Я обрисовал Гитлера таким, каким он являлся мне, и другим, и в этом образе проступает много привлекательных черт. Гитлер мог казаться человеком, многогранно одаренным и преданным своему делу. Однако чем дальше, тем больше я чувствовал, что все это лишь поверхностная характеристика, ибо созданный мной образ вступает в противоречие с тем, что я узнал на Нюрнбергском процессе.
Я никогда не забуду рассказ об одной погибшей еврейской семье: муж, жена и дети, обреченные на смерть, стоят перед моими глазами по сей день. В Нюрнберге меня приговорили к двадцати годам тюремного заключения. Военный трибунал мог ошибиться в исторической оценке, но он попытался разделить вину между обвиняемыми. Наказание — хотя подобные наказания мало пригодны для оценки меры исторической ответственности — положило конец моему гражданскому существованию, однако именно то видение лишило прожитую мной жизнь смысла, и его воздействие оказалось продолжительнее приговора суда.
Часть первая
Любая автобиография — предприятие сомнительное, ибо исходит из предпосылки о наличии некоего стула, на который человек может сесть и обдумать свою жизнь, сравнить разные ее этапы, проследить за ее развитием и вникнуть в ее смысл. Каждый человек может и безусловно должен исследовать свою жизнь, но он не может увидеть себя даже в данный момент, не говоря уж о всем своем прошлом.
1. Происхождение и юность
Среди моих предков были и швабы, и бедные крестьяне из Вестервальда, и уроженцы Силезии и Вестфалии. Все они принадлежали к огромному количеству людей, живших тихо и незаметно. Но было одно исключение: наследный рейхсмаршал граф Фридрих Фердинанд фон Паппенхайм (1702–1793)[2]

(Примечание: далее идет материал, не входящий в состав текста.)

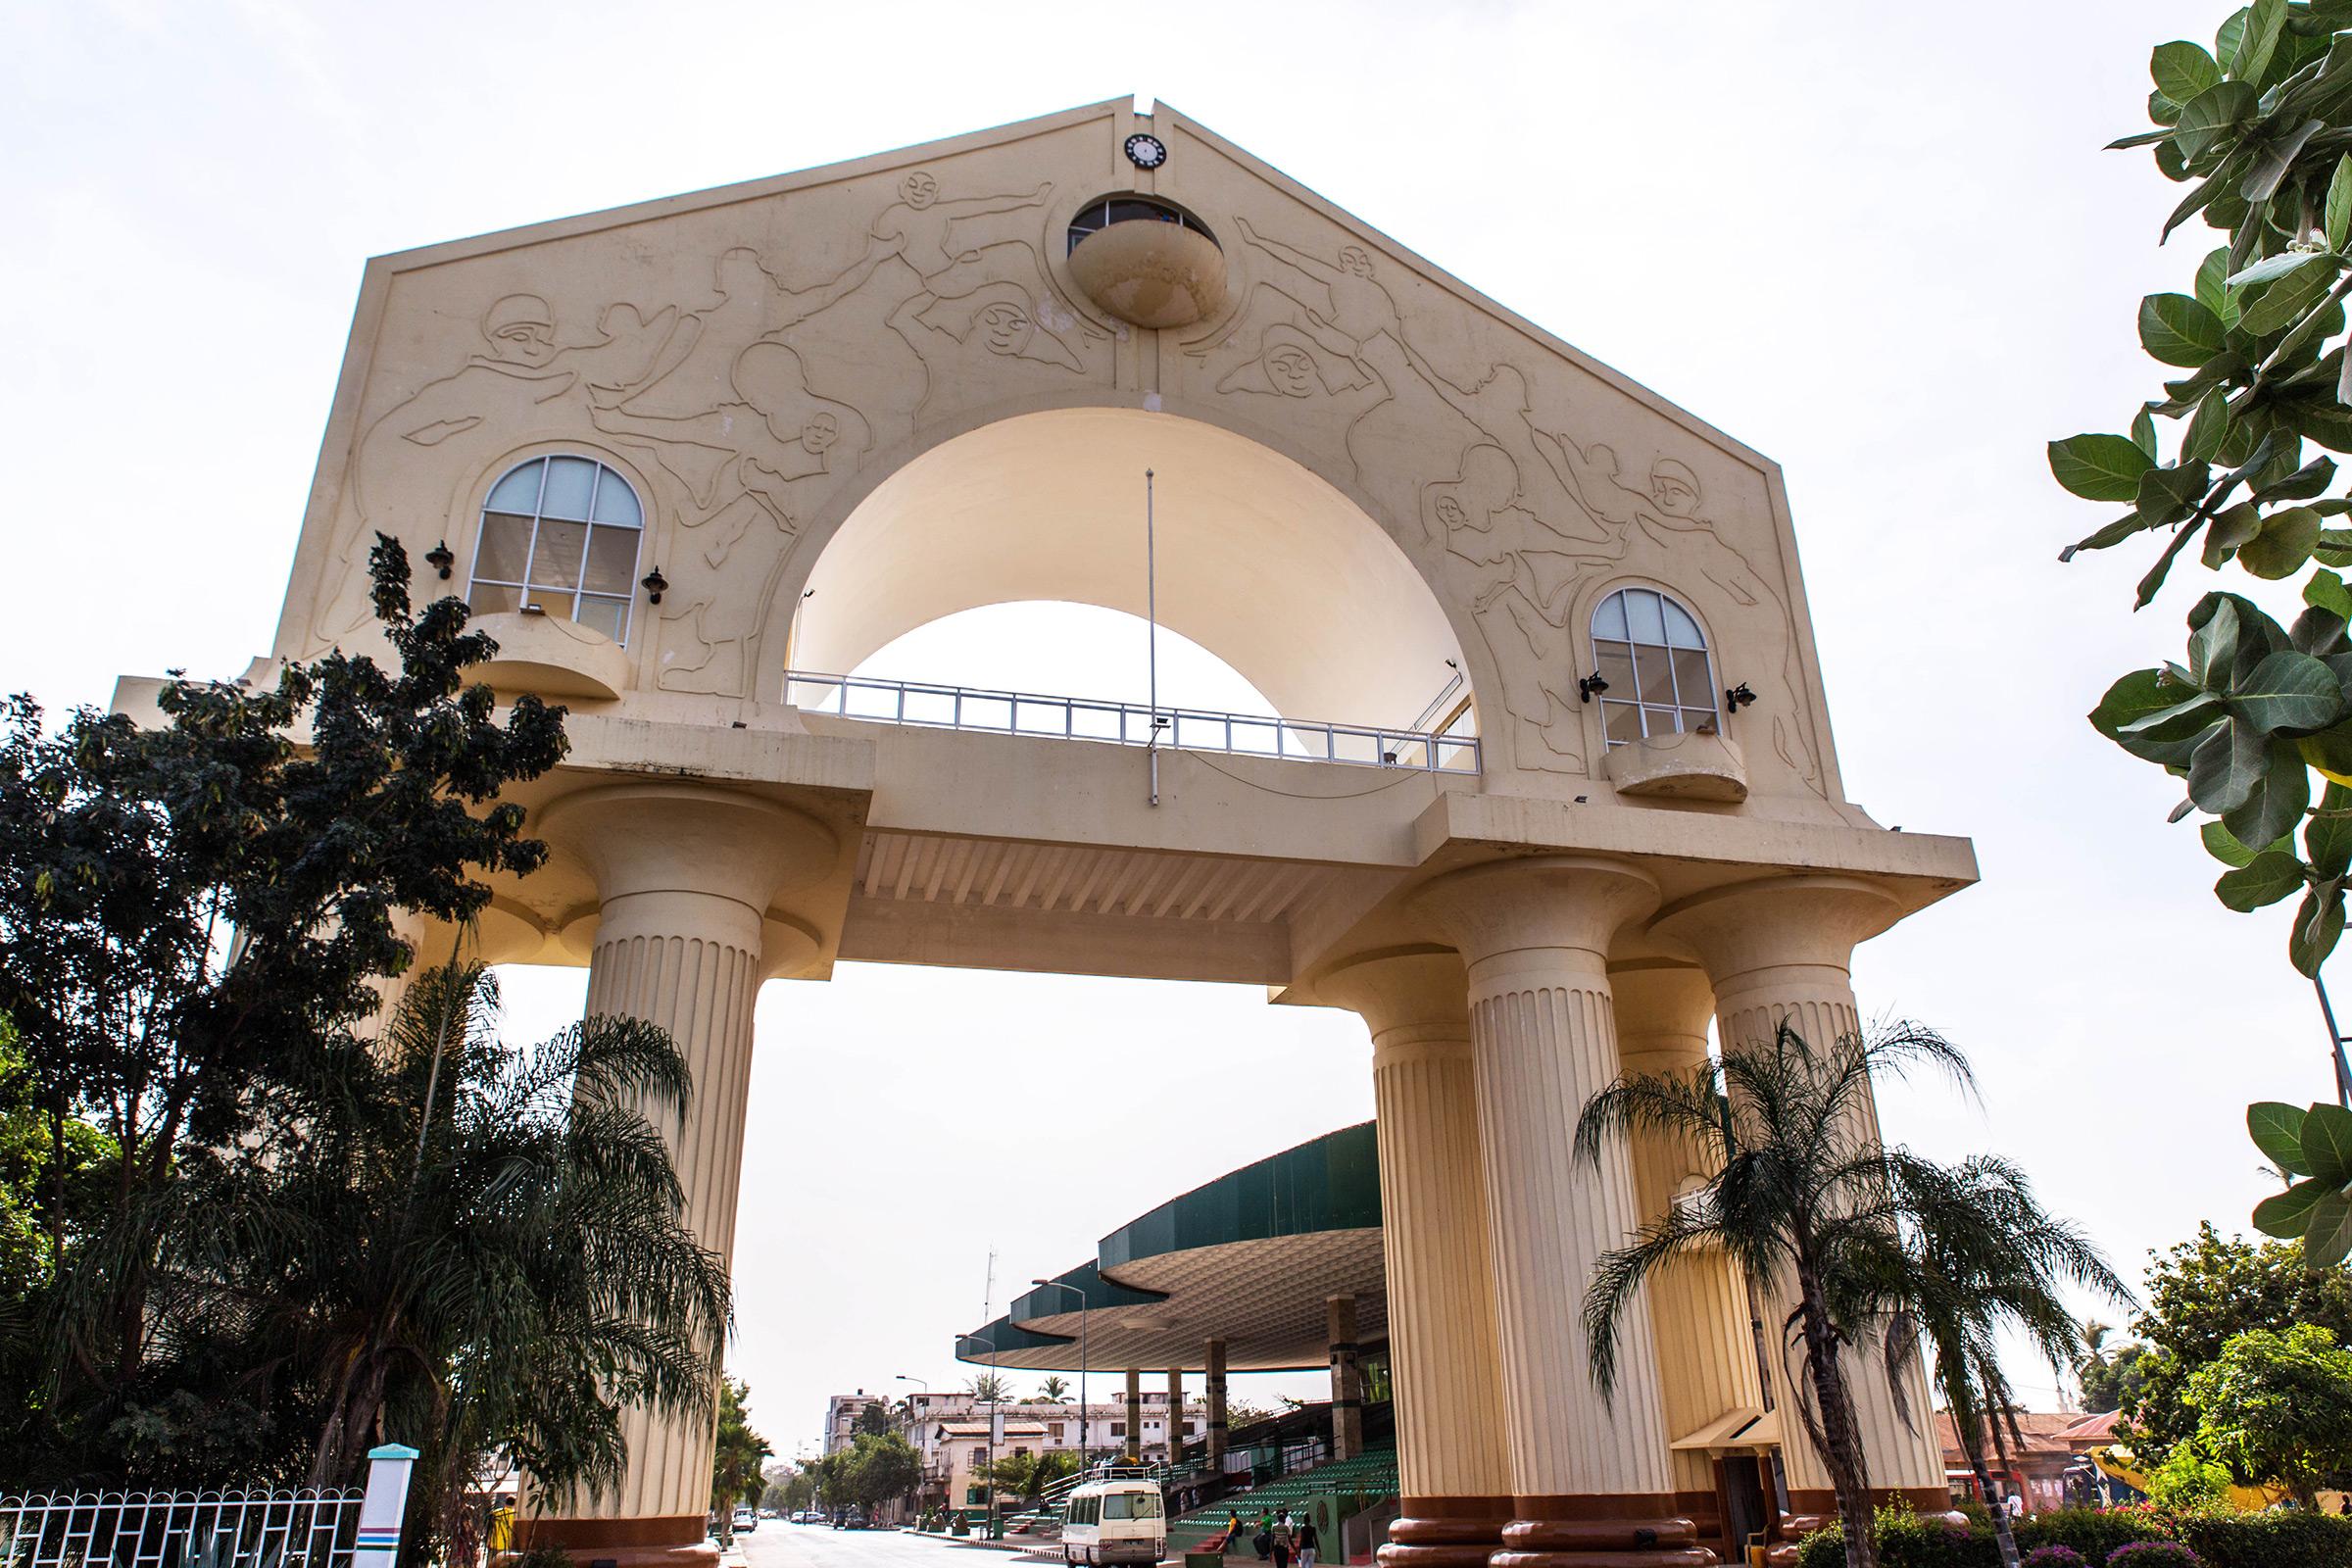 Gambia Banjul Arch 22

, от которого моя незамужняя прародительница Хюмелин родила восьмерых сыновей, о чьем благополучии благородный отец, похоже, не слишком заботился.Три поколения спустя мой дед Герман Хоммель, сын бедного лесничего из Шварцвальда, стал к концу жизни единственным владельцем одной из крупнейших в Германии фирм, торговавших станками, и завода точных приборов. Несмотря на богатство, он жил скромно и хорошо обращался с подчиненными. Дед был трудолюбив и умел пробуждать в других желание работать без принуждения, однако, как типичный уроженец Шварцвальда, он мог в полном молчании часами сидеть на лесной скамье и предаваться размышлениям.
Примерно в то же время другой мой дед, Бертольд Шпеер, стал процветающим архитектором в Дортмунде. Он спроектировал множество зданий в вошедшем тогда в моду неоклассическом стиле. Хотя дед умер молодым, оставленных им средств вполне хватило на образование четверым его сыновьям. Успеху обоих моих дедушек способствовала бурная индустриализация Германии, начавшаяся во второй половине XIX века. Правда, следует отметить, что многим, имевшим гораздо лучшие стартовые условия, промышленный бум не помог.
К преждевременно поседевшей матери моего отца в отрочестве я испытывал скорее почтение, чем любовь, видимо, потому, что она была серьезной женщиной с глубоко укоренившимися простыми представлениями о жизни. Обладая несокрушимой энергией, она подавляла все свое окружение.
Я пришел в этот мир в воскресный полдень 19 марта 1905 года в Мангейме под раскаты весеннего грома, заглушавшие, как часто рассказывала мне мама, колокольный звон находившейся неподалеку церкви Христа.
Еще в 1892 году мой отец, которому было тогда двадцать девять лет, основал собственную фирму и стал одним из самых востребованных архитекторов быстро развивающегося промышленного Мангейма. К 1900 году, когда он женился на дочери богатого бизнесмена из Майнца, он уже сколотил приличное состояние.
В Мангейме мы жили в одном из построенных отцом домов, который соответствовал статусу моих родителей, принадлежавших к верхушке среднего класса. Величественное здание охранялось изысканными коваными железными воротами. Автомобили въезжали во внутренний двор и останавливались перед широкой лестницей, ведущей к столь же величественному парадному входу в богато обставленный дом. Правда, дети — два моих брата и я — обычно пользовались черным ходом и темной, узкой, крутой лестницей, ведущей в ничем не примечательный задний коридор. В элегантном, устланном ковром парадном холле нам, детям, в общем-то нечего было делать.